Entries provided –
------------
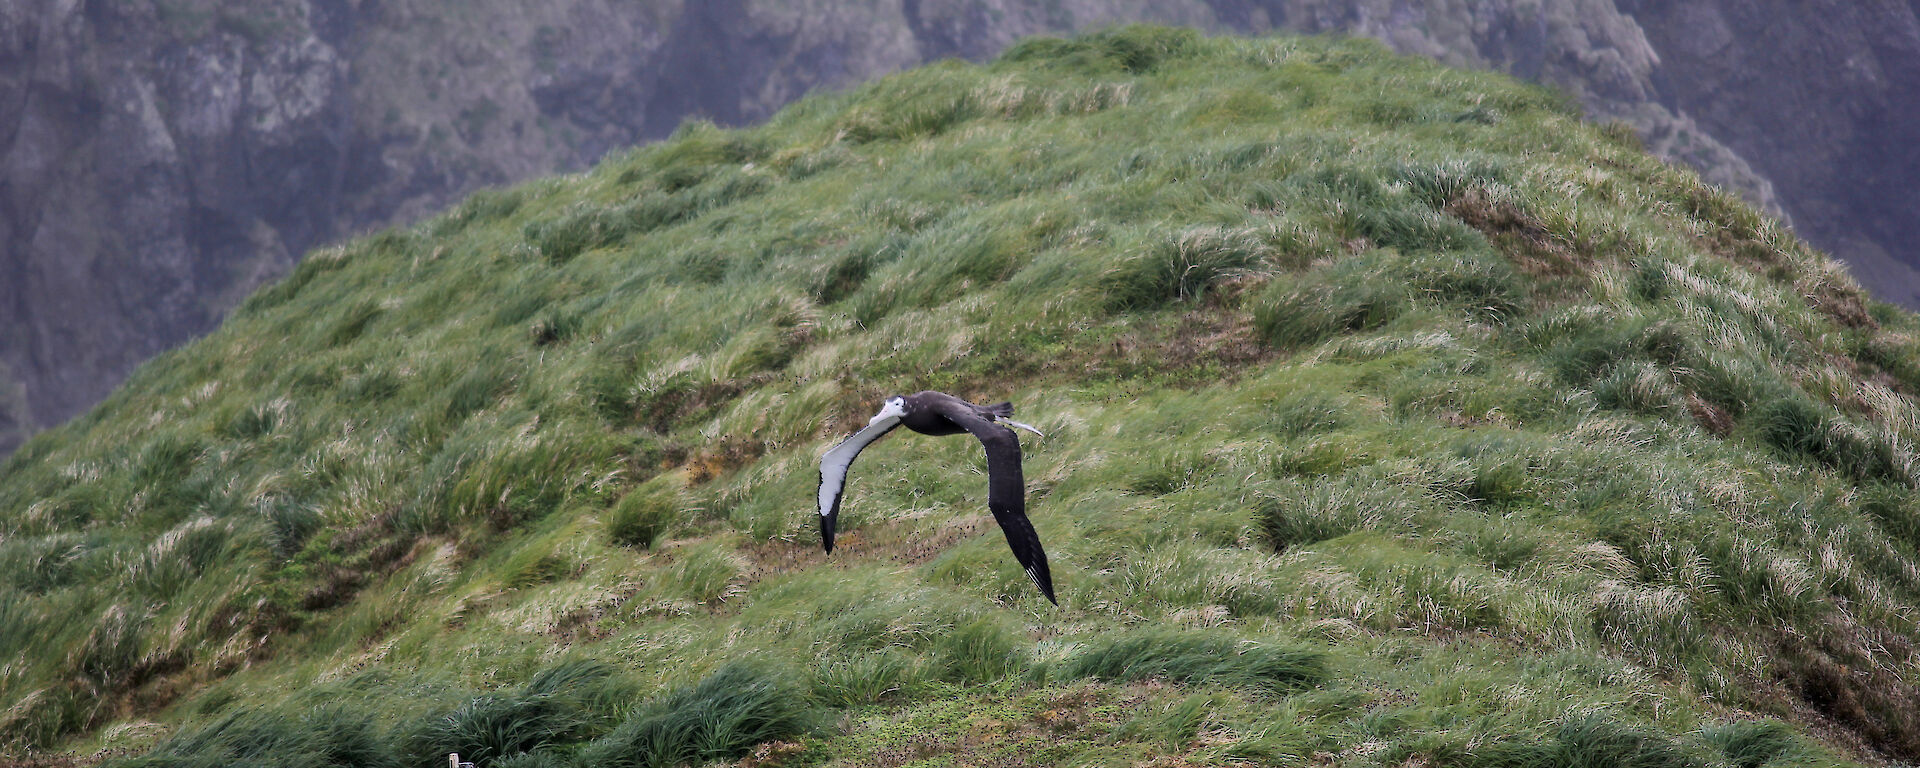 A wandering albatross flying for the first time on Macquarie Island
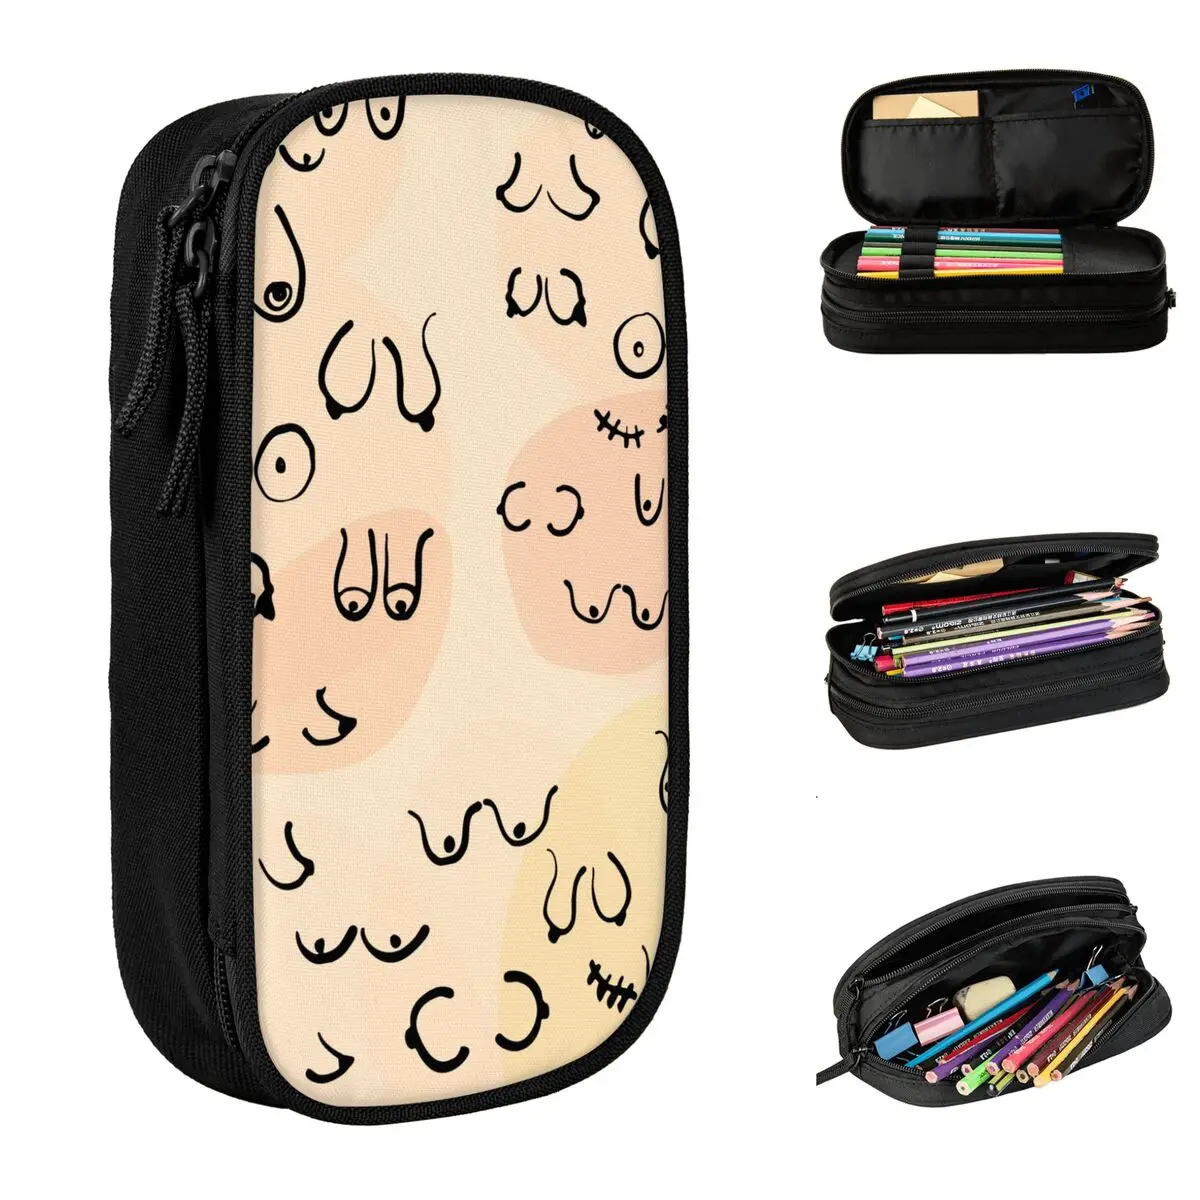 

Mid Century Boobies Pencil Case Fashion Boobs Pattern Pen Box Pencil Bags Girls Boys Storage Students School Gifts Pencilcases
------------
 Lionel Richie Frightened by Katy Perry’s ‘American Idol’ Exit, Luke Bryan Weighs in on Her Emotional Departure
------------
Task prompt – Would you write out exactly the lines above, starting at the line containing "A wandering albatross" and stopping after the line containing "Mid Century Boobies"? Omit the pictures.

Completed task –
 A wandering albatross flying for the first time on Macquarie Island

Mid Century Boobies Pencil Case Fashion Boobs Pattern Pen Box Pencil Bags Girls Boys Storage Students School Gifts Pencilcases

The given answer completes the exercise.